Goal of the exercise — Every line of the listing should be retyped exactly, but none of the pictures should be.

Stored data —
--------------------------------------------------

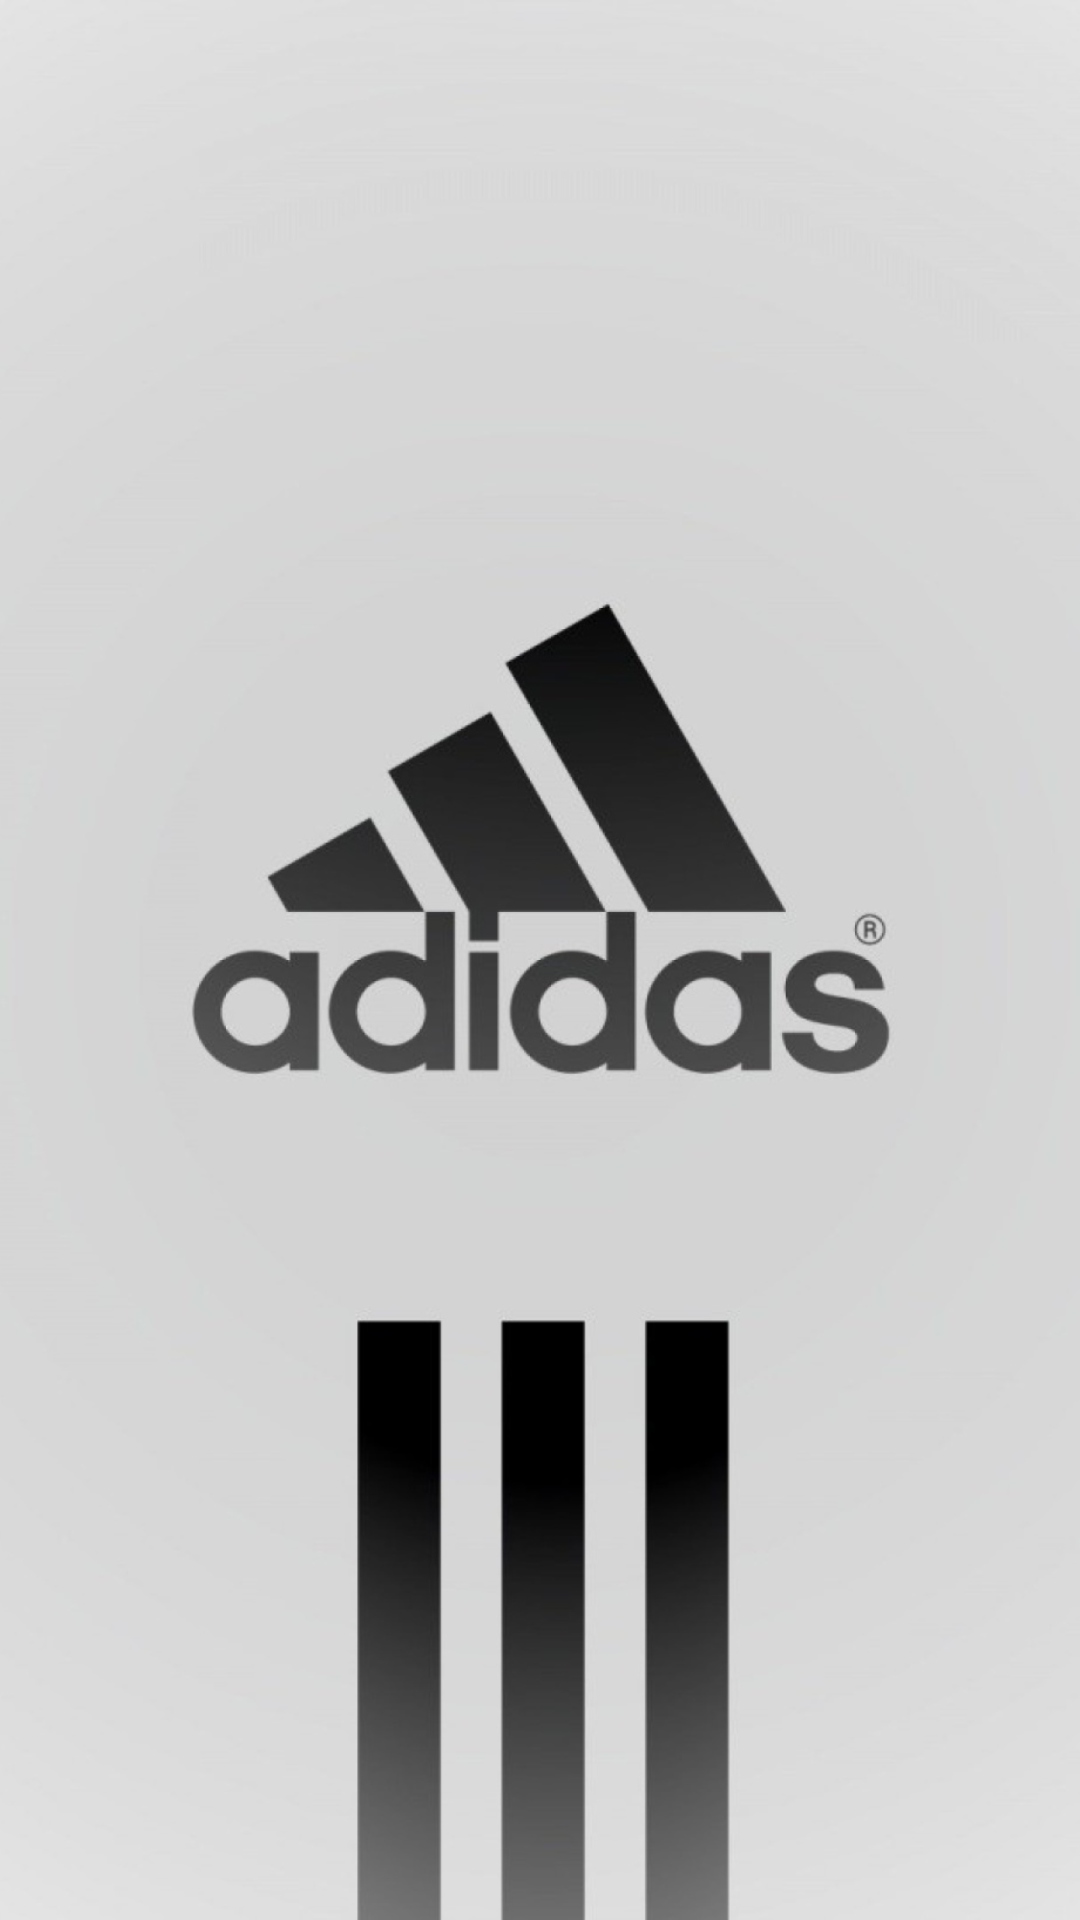 Adidas Iphone Hd Wallpaper - Pixelstalk.Net
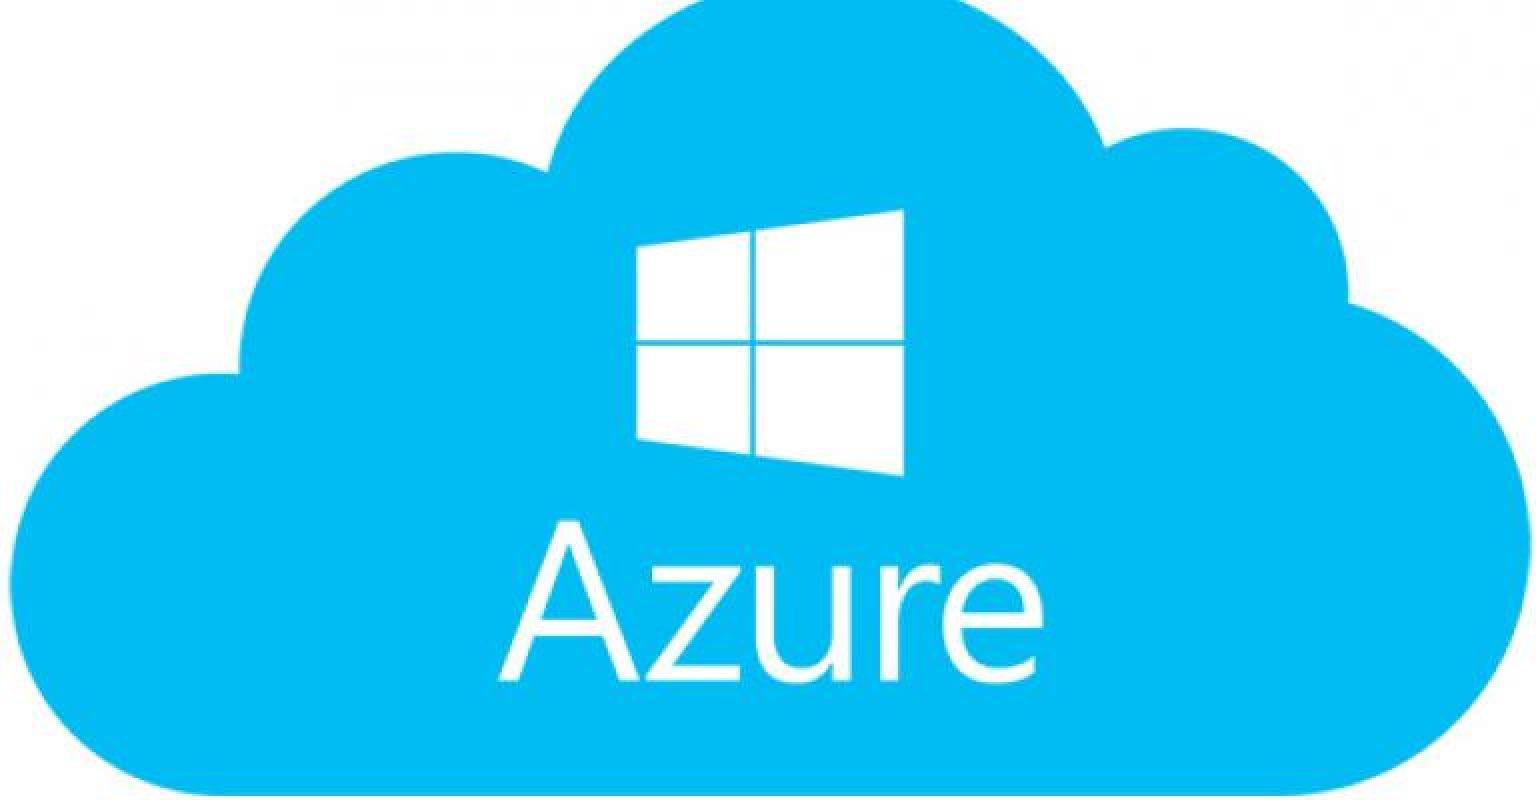 Microsoft Azure training for Beginners in Evansville | Microsoft Azure Fundamentals | Azure cloud computing training | Microsoft Azure Fundamentals AZ-900 Certification Exam Prep (Preparation) Training Course
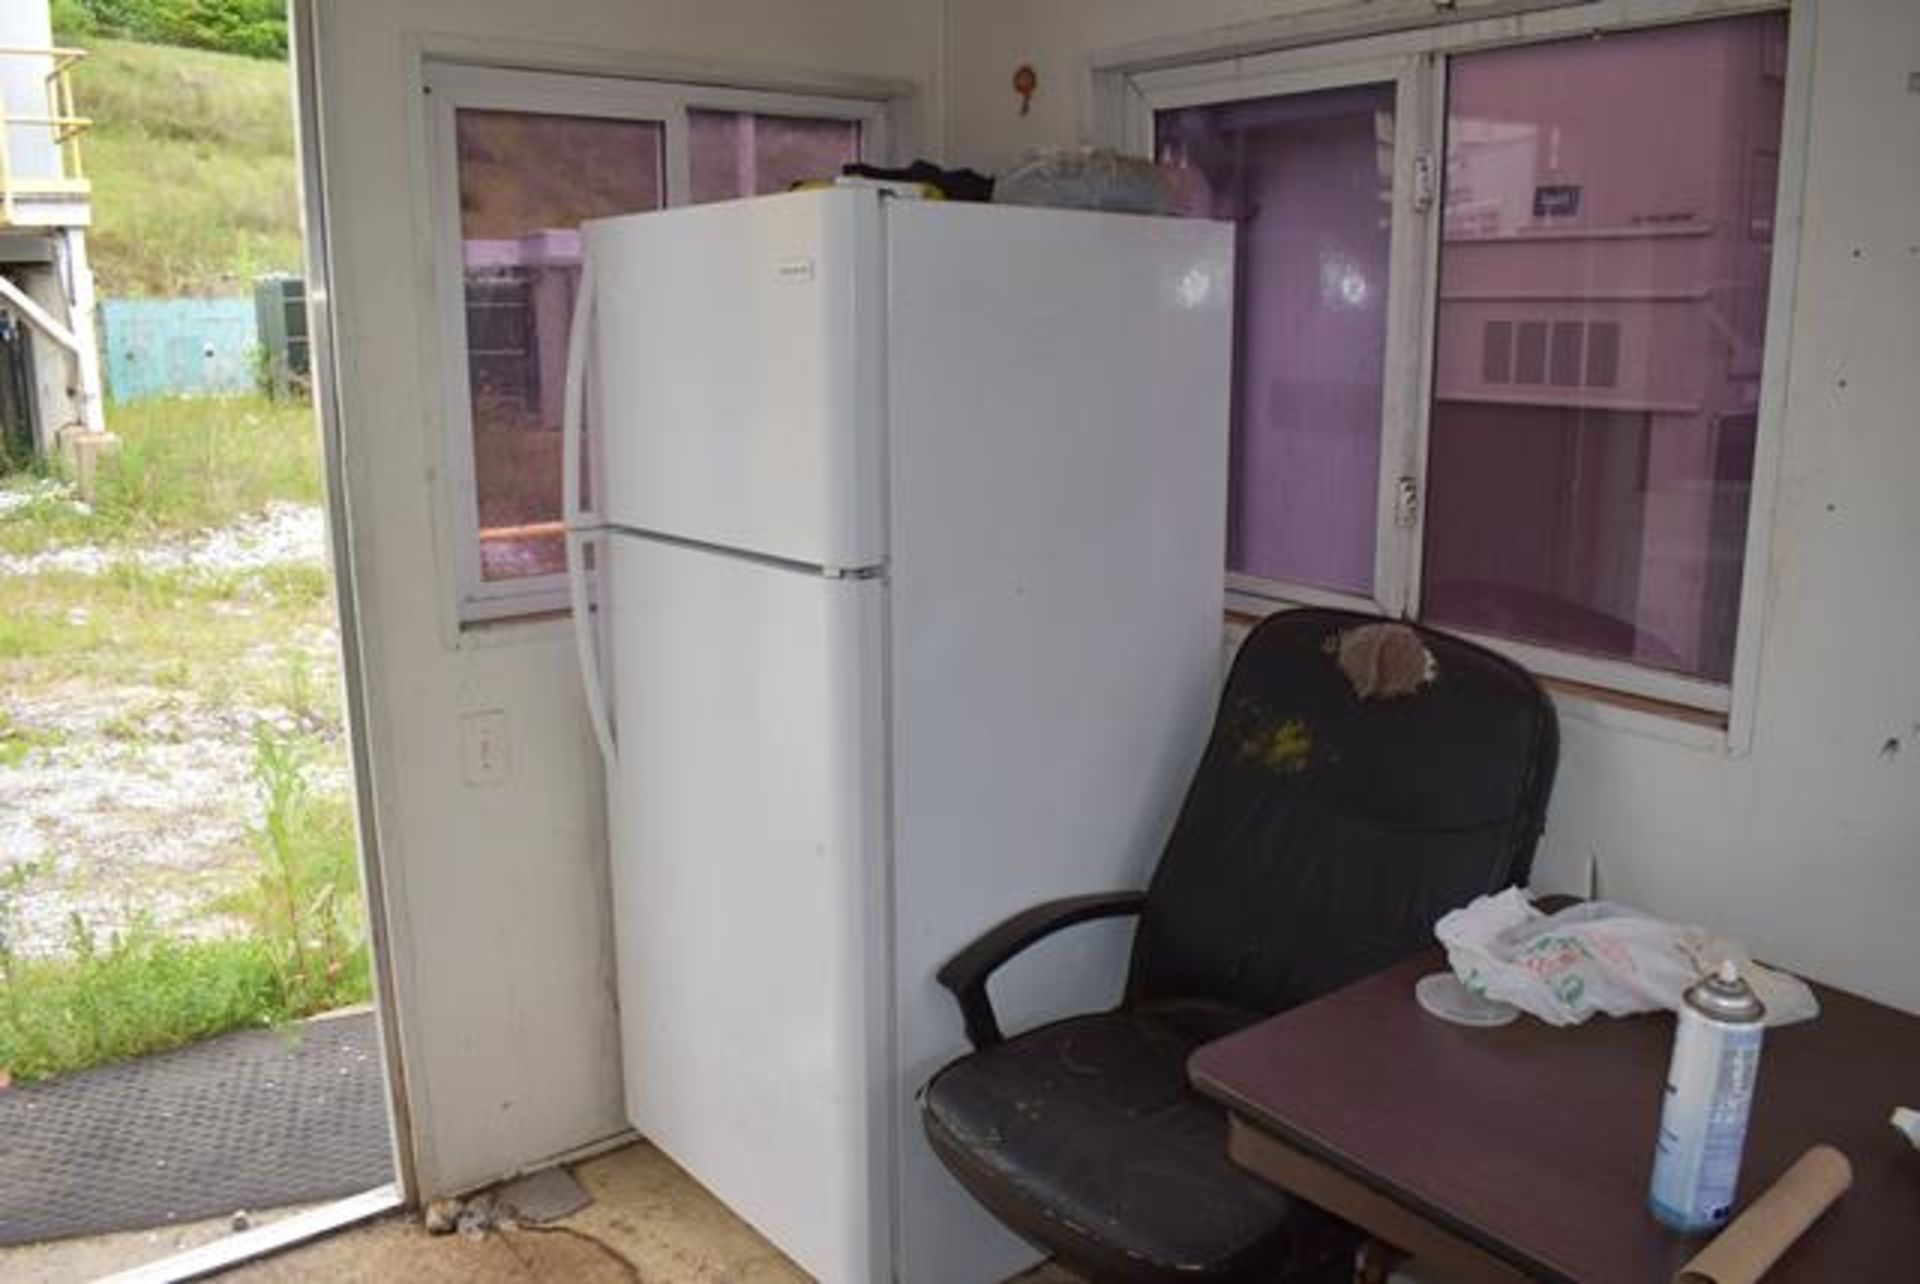 Portable Building/Office, 8' x 12', Single Door w/Windows, Includes Frigidaire Refrigerator - Image 2 of 2

--------------------------------------------------

Exercise output —
 Adidas Iphone Hd Wallpaper - Pixelstalk.Net
 Microsoft Azure training for Beginners in Evansville | Microsoft Azure Fundamentals | Azure cloud computing training | Microsoft Azure Fundamentals AZ-900 Certification Exam Prep (Preparation) Training Course
 Portable Building/Office, 8' x 12', Single Door w/Windows, Includes Frigidaire Refrigerator - Image 2 of 2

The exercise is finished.